### DATASET EXTRACT:
-=-=-

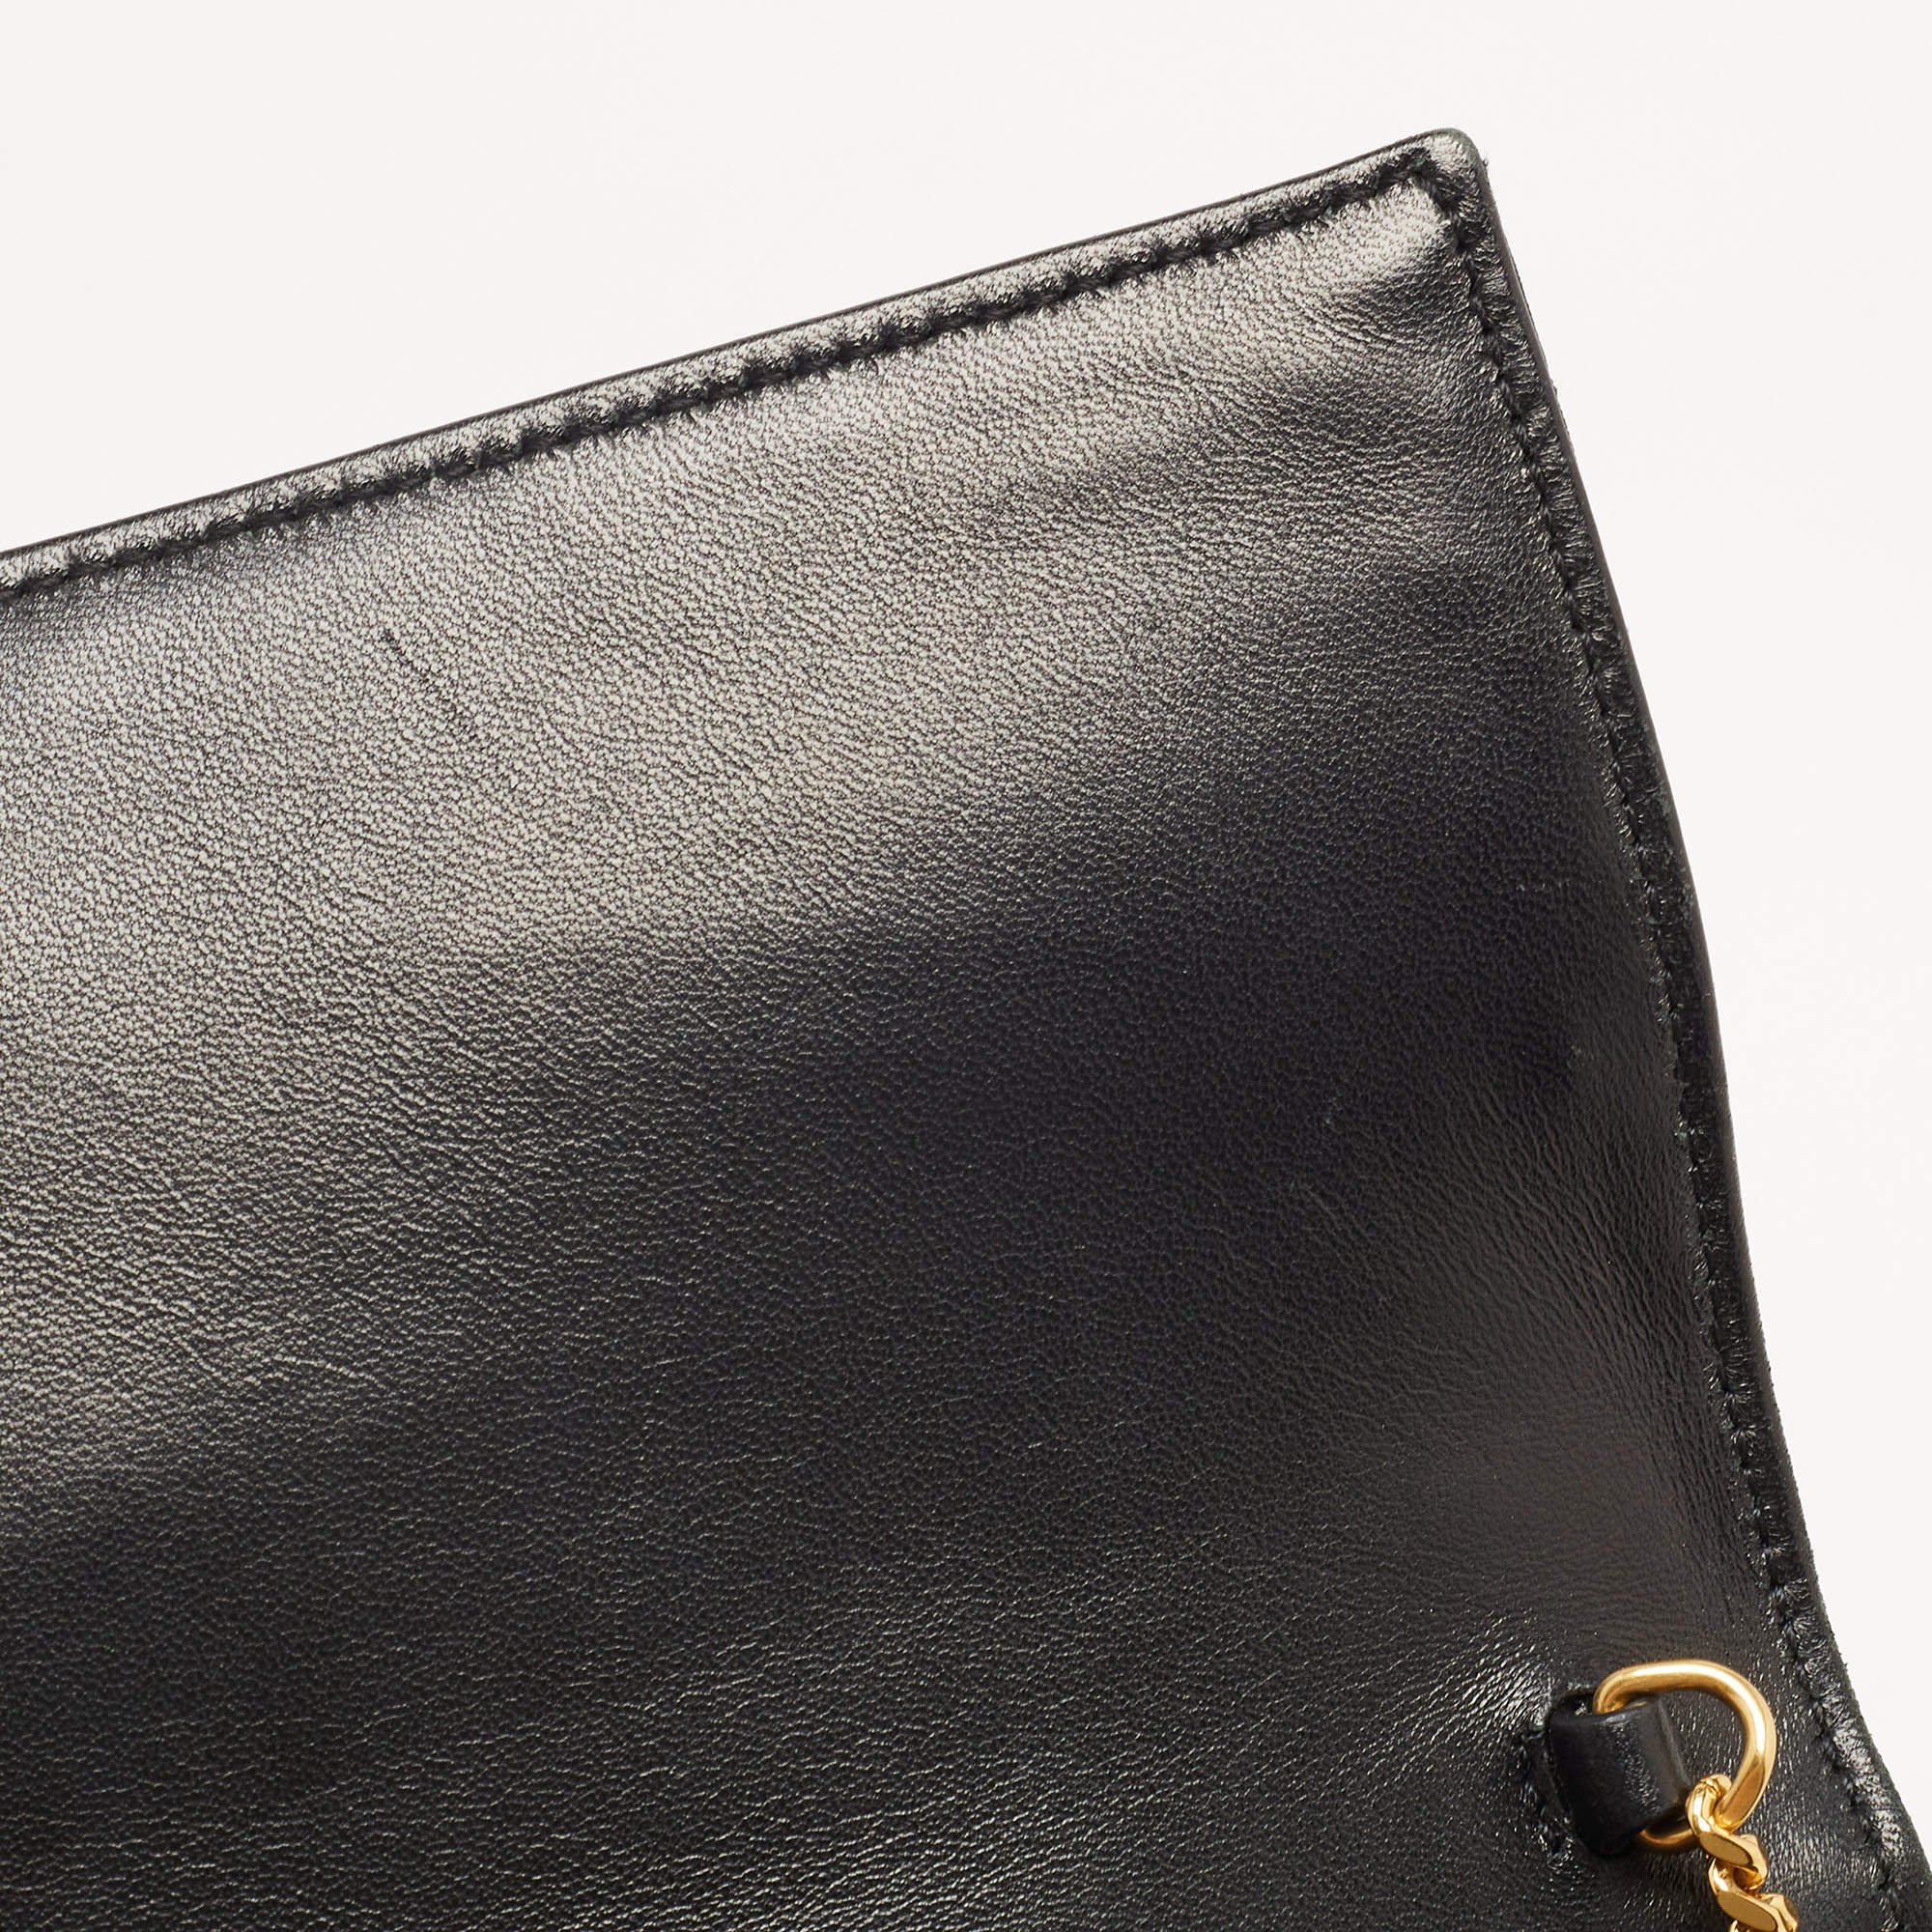 Saint Laurent Victoire Chain Bag In Crinkled Leather Black/Gold
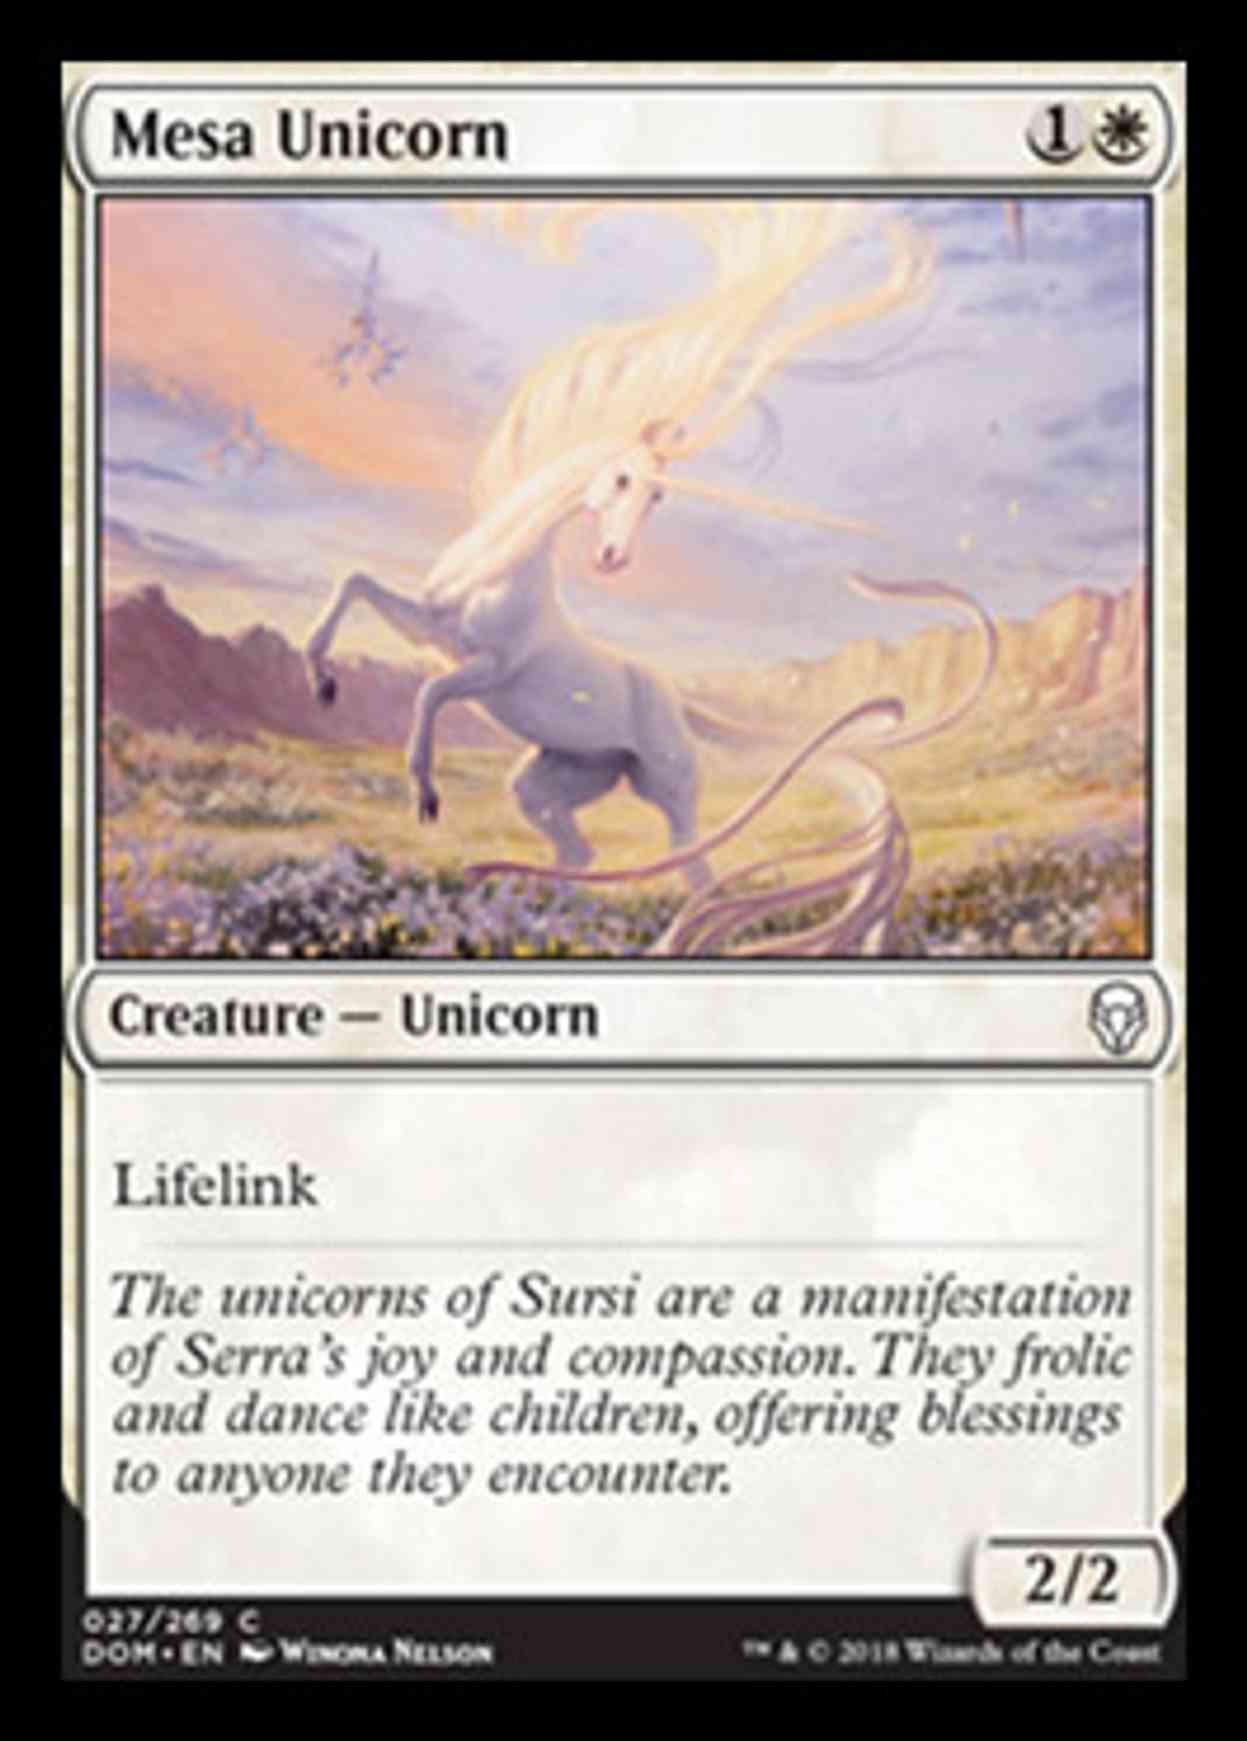 Mesa Unicorn magic card front
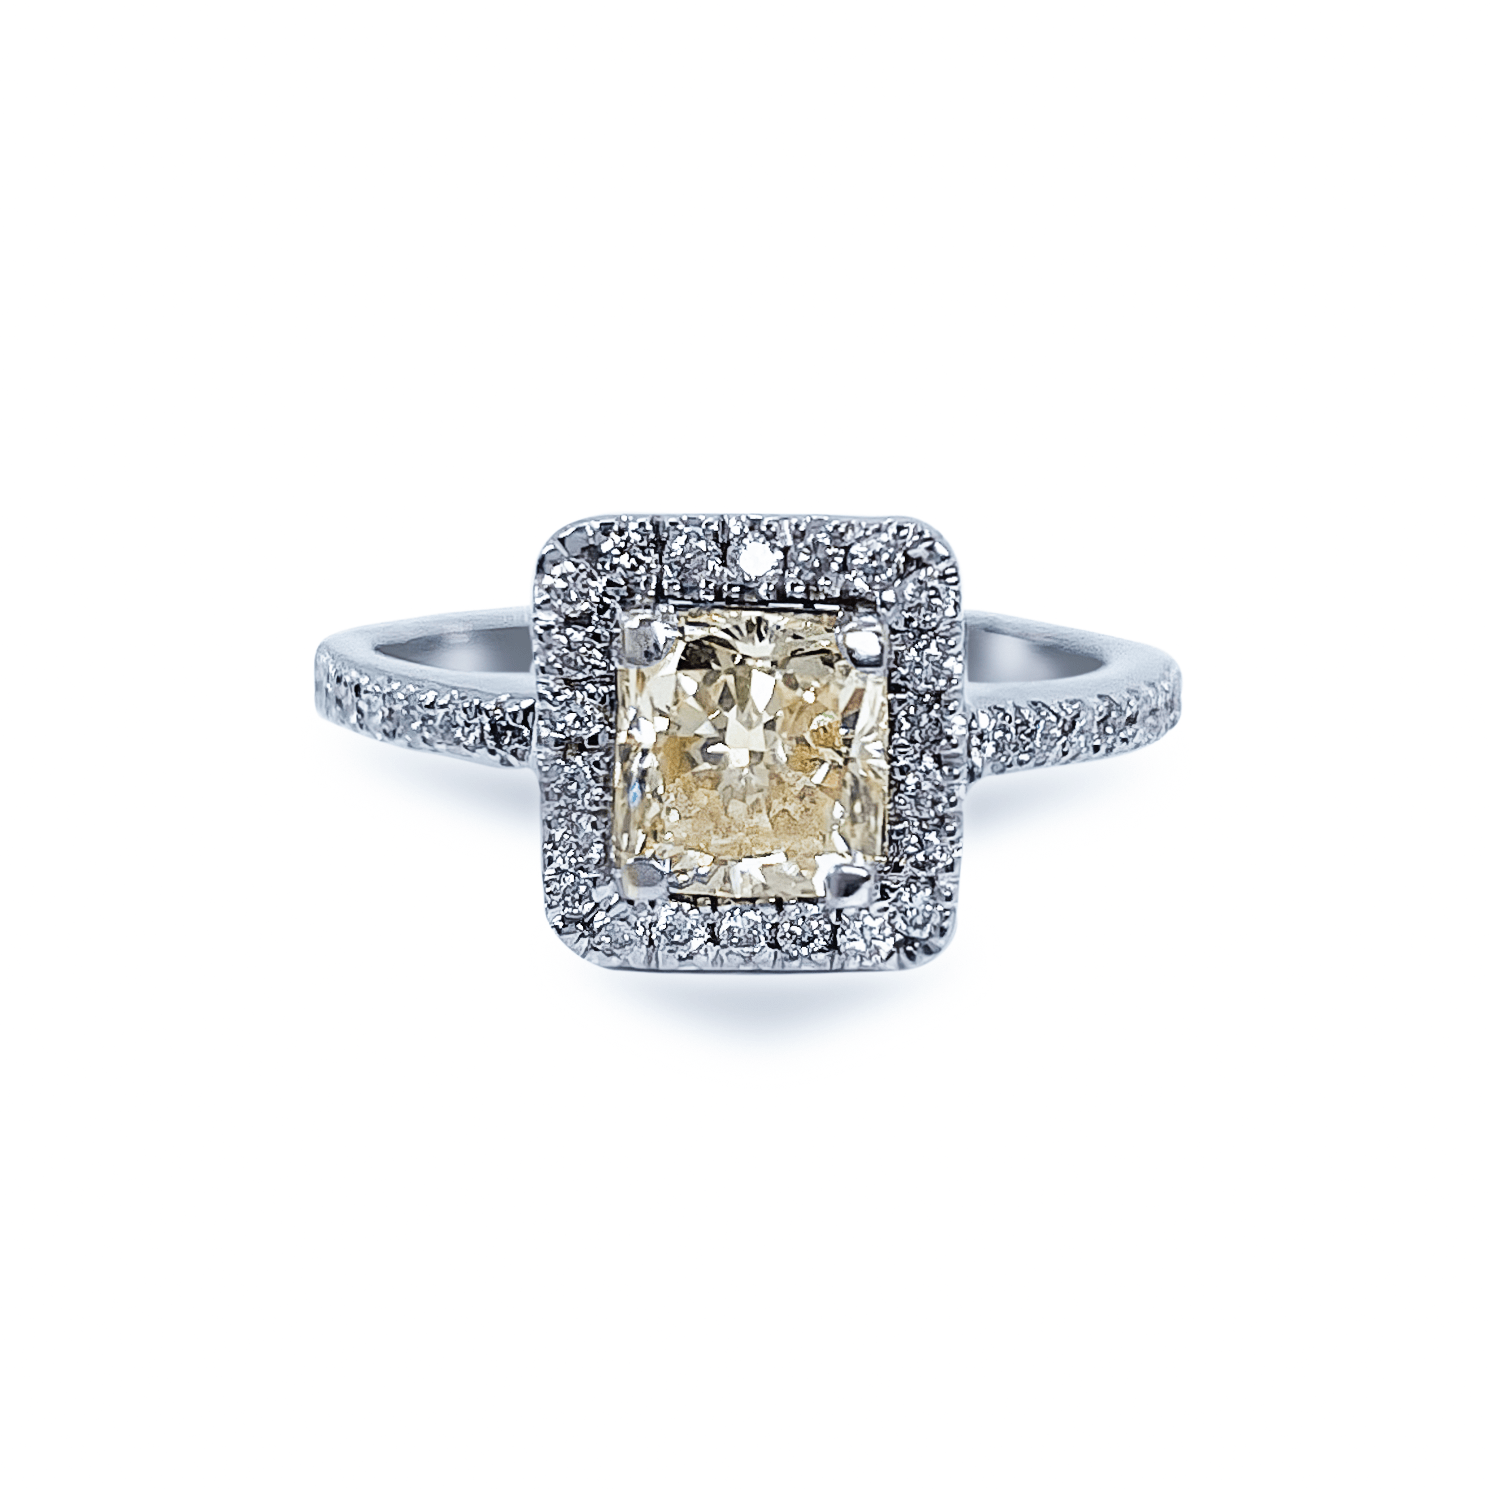 1.09 ct Light Yellow Cushion Cut Diamond Ring with Diamond Halo in 18k White Gold- جرس - Luxury Diamond Jewelry shop Dubai - SABA DIAMONDS

-=-=-

### WHAT YOU ARE ASKED TO DO:
Would you copy all the material exactly, dropping the pictures?

### TASK OUTPUT:
 Saint Laurent Victoire Chain Bag In Crinkled Leather Black/Gold
 Mesa Unicorn magic card front
 1.09 ct Light Yellow Cushion Cut Diamond Ring with Diamond Halo in 18k White Gold- جرس - Luxury Diamond Jewelry shop Dubai - SABA DIAMONDS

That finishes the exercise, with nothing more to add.